How can we tell at a glance which plot is which? A legend would be helpful here - to do this we need to edit out code a little bit:

In [19]:
fig, ax = plt.subplots()

ax.plot(x,x, label='Linear')
ax.plot(x,x**2, label='Squared')
ax.plot(x,x**3, label='Cubed')

ax.legend()

Out[19]:
<matplotlib.legend.Legend at 0x1554d541e10>

Notice how we need to label our plots within their respective methods, and then call the legend method. A similar method is used to change the color and linestyles of these plots:

In [20]:
fig, ax = plt.subplots()

ax.plot(x,x, label='Linear', color = "purple", lw=3,ls=':')
ax.plot(x,x**2, label='Squared', color = "pink", lw =3,ls='-.')
ax.plot(x,x**3, label='Cubed', color = "blue", lw=3,ls='--')

ax.legend()

Out[20]:
<matplotlib.legend.Legend at 0x1554d5bbe10>

There are hundreds of different plot options out there, as well as the option for 3d plots, contour plots, log scaling and more! To check these out, take a look at the documentation here

Finally, it's worth noting that we can use the object orientated method for scatter graphs, boxplots and histograms.

To start, let's take a scatter plot looking at a (albeit fake) positive correlation.

In [21]:
fig, axes = plt.subplots()

randomData = 0.4 * np.random.randn(101) + 0.5 #Nice way to fake a correlation - 0.4 is the slope, 0.5 is the intercept.

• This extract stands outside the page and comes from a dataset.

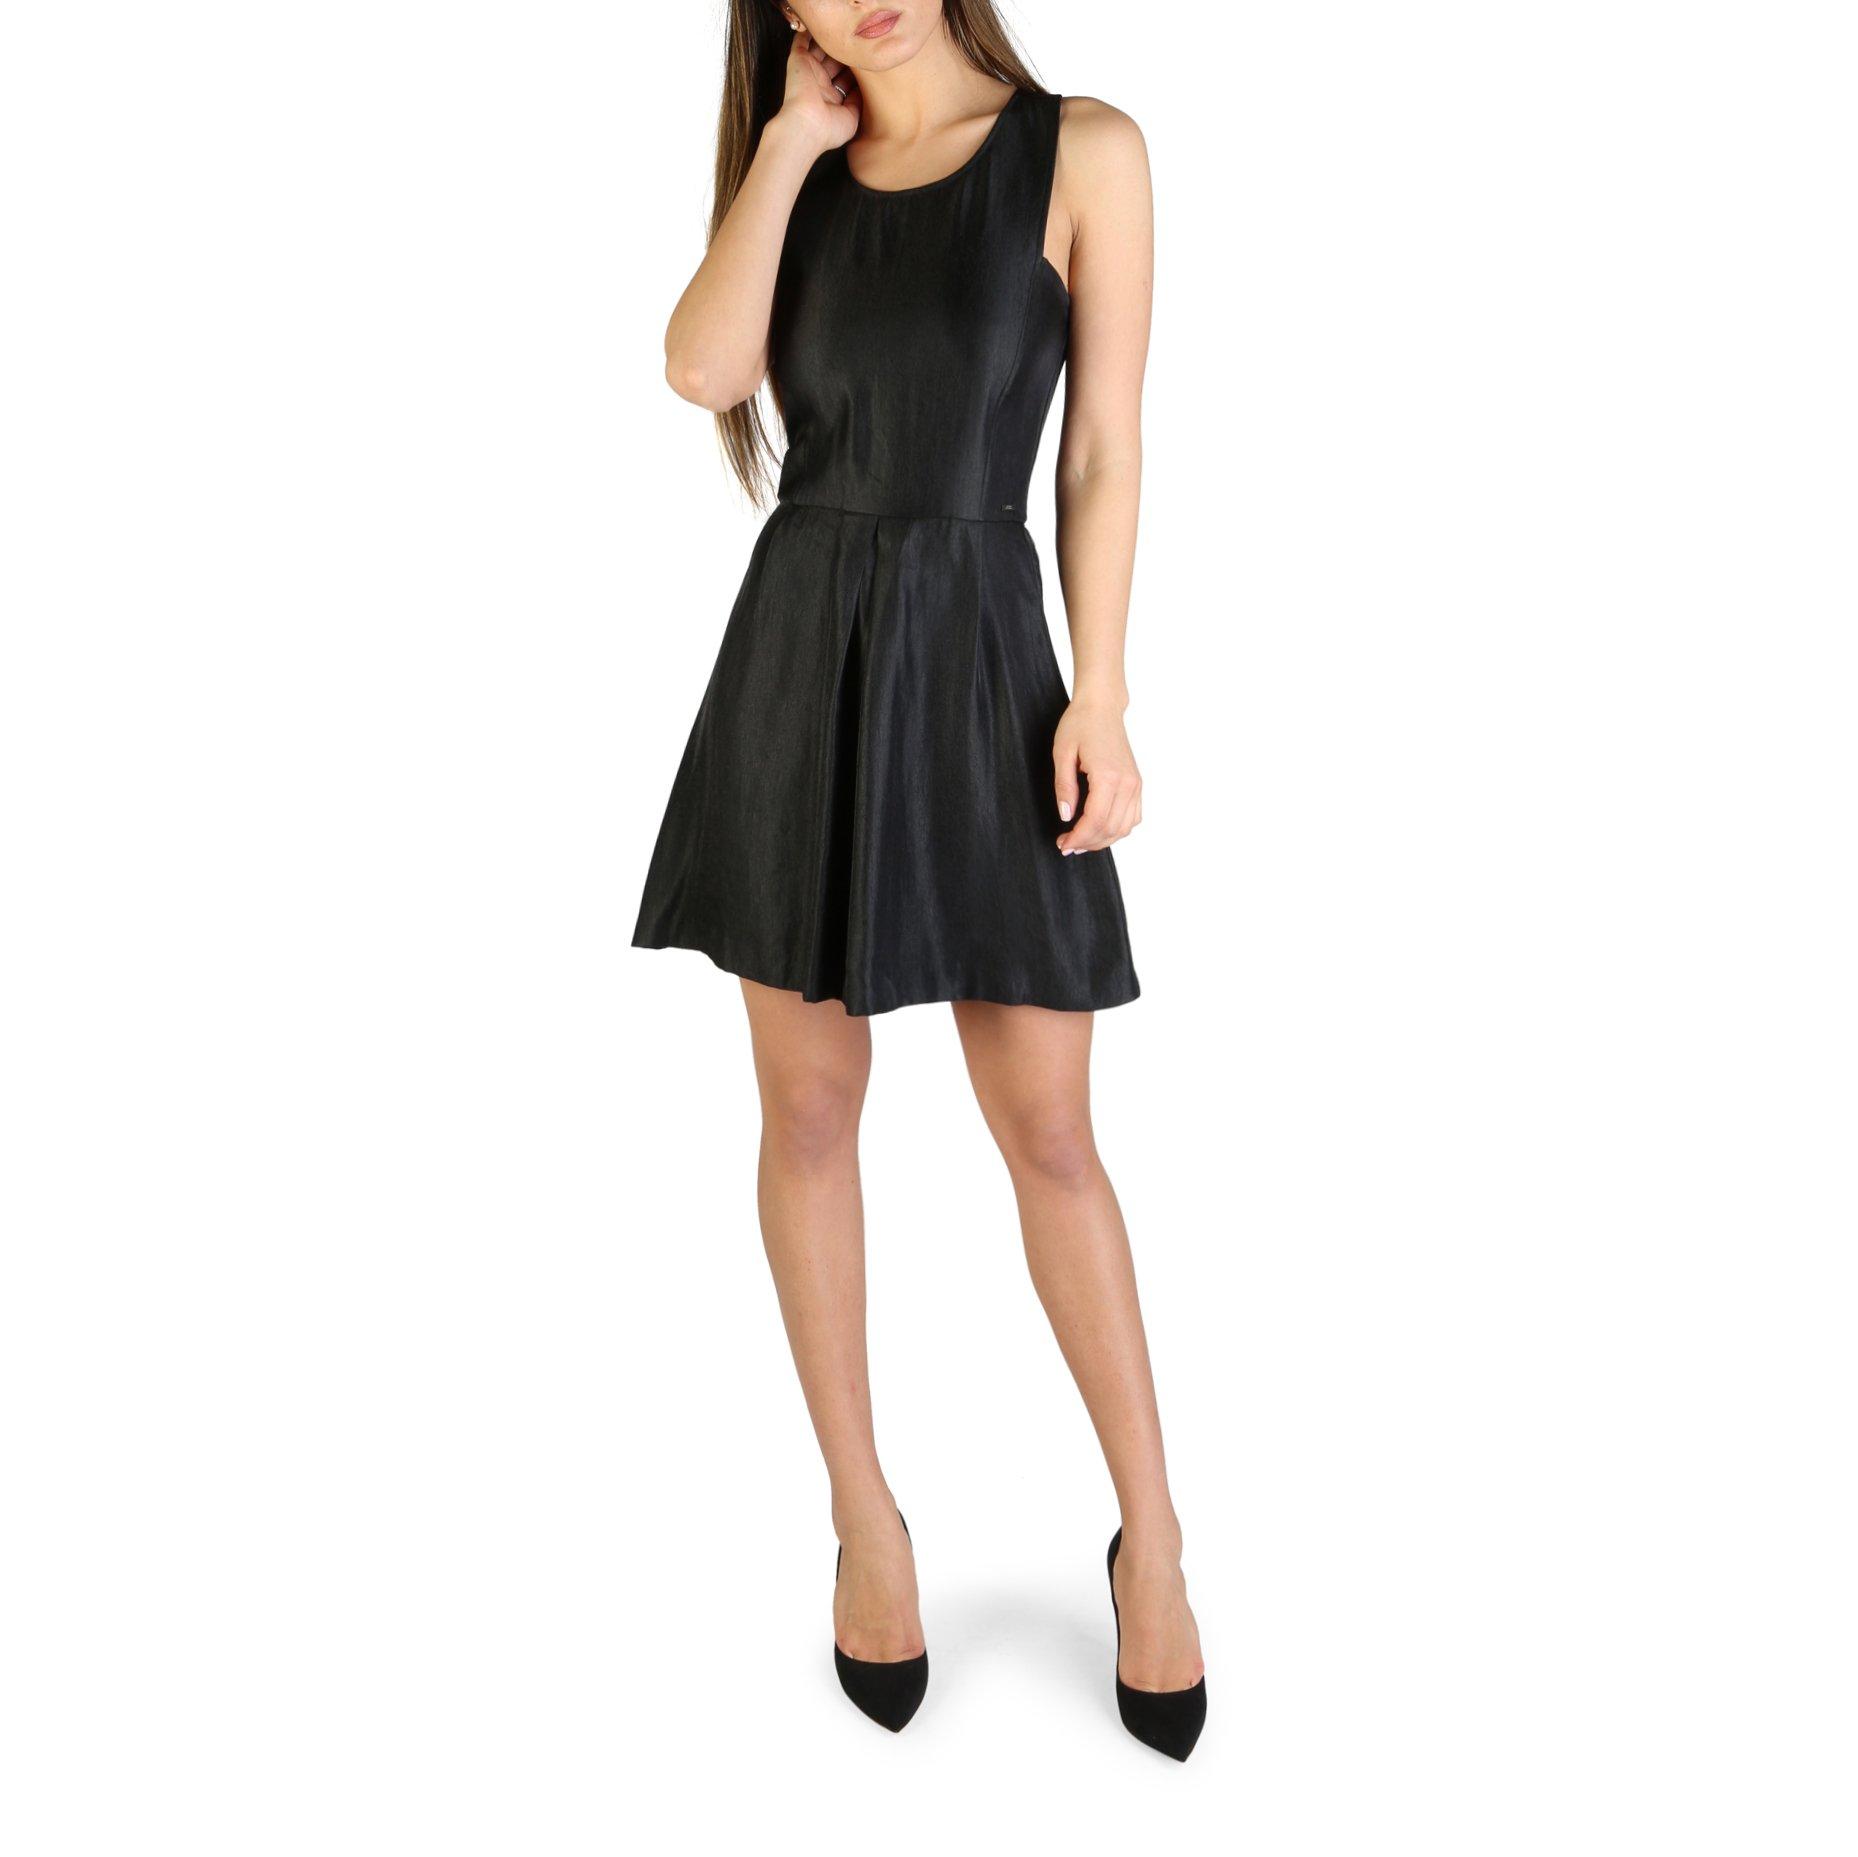 Armani Exchange Women's Dress Green 3ZYA55_YNANZ - black 8

axes.scatter(x,randomData + x)

Out[21]:
<matplotlib.collections.PathCollection at 0x1554d62bd30>

Next, let's look at how to create a histogram representing a normal distribution:

In [22]:
fig, axes = plt.subplots()

data = np.random.randn(1001)

axes.hist(data)

Out[22]:
(array([   1.,   15.,   76.,  156.,  249.,  267.,  152.,   61.,   20.,    4.]),
array([-3.38632307, -2.71377809, -2.04123311, -1.36868813, -0.69614314,
-0.02359816,  0.64894682,  1.3214918 ,  1.99403678,  2.66658176,
3.33912675]),
<a list of 10 Patch objects>)

And finally, let's look at boxplots:

In [23]:
fig, axes = plt.subplots()

data = [np.random.normal(0,1,100),np.random.normal(0,2,100),np.random.normal(0,3,100)]

axes.boxplot(data)

Out[23]:
{'boxes': [<matplotlib.lines.Line2D at 0x1554c2757f0>,
<matplotlib.lines.Line2D at 0x1554c2c3ef0>,
<matplotlib.lines.Line2D at 0x1554c2c8160>],
'caps': [<matplotlib.lines.Line2D at 0x1554c275a90>,
<matplotlib.lines.Line2D at 0x1554c2c38d0>,
<matplotlib.lines.Line2D at 0x1554c1e66d8>,
<matplotlib.lines.Line2D at 0x1554c2c8fd0>,
<matplotlib.lines.Line2D at 0x1554c29d518>,
<matplotlib.lines.Line2D at 0x1554c1ae6a0>],
'fliers': [<matplotlib.lines.Line2D at 0x1554c2c3588>,
<matplotlib.lines.Line2D at 0x1554c2c8ba8>,
<matplotlib.lines.Line2D at 0x1554c1ae748>],
'means': [],
'medians': [<matplotlib.lines.Line2D at 0x1554c2c34e0>,
<matplotlib.lines.Line2D at 0x1554c2c8e48>,
<matplotlib.lines.Line2D at 0x1554c1aefd0>],
'whiskers': [<matplotlib.lines.Line2D at 0x1554c275f28>,
<matplotlib.lines.Line2D at 0x1554c2751d0>,
<matplotlib.lines.Line2D at 0x1554c1e6470>,
<matplotlib.lines.Line2D at 0x1554c1e6c50>,
<matplotlib.lines.Line2D at 0x1554c29dcf8>,
<matplotlib.lines.Line2D at 0x1554c29d198>]}

Notice how the boxplot and histogram methods also output a lot of other useful information about the plots to access later if we want to. If we don't want these, we can just run fig again in another cell, or omit %matplotlib inline:

In [24]:
fig

Out[24]:

## Worked Example¶

We're going to create a graph that looks at what happens to the graph of ex, 2x, 3x, x2 and x3. Soon we will be able to import data so we're not working the mathematical functions all the time!

In [25]:
import matplotlib.pyplot as plt
import numpy as np
%matplotlib inline

x = np.linspace(0,10,101)

fig = plt.figure()

axes.plot(x, np.exp(x), label = "Exponential")
axes.plot(x, 2**x, label = "2 Power")
axes.plot(x, 3**x, label = "3 Power")
axes.plot(x, x**2, label = "Squared")
axes.plot(x, x**3, label = "Cubed")

axes.set_ylim((0,1000))
axes.legend()

Out[25]:
<matplotlib.legend.Legend at 0x1554c1a08d0>

## Mini Project¶

Try graphing the sin(), cos() and tan() functions on one graph, adding a legend, title and axis. Then, try using the subplot command to put them all on different plots.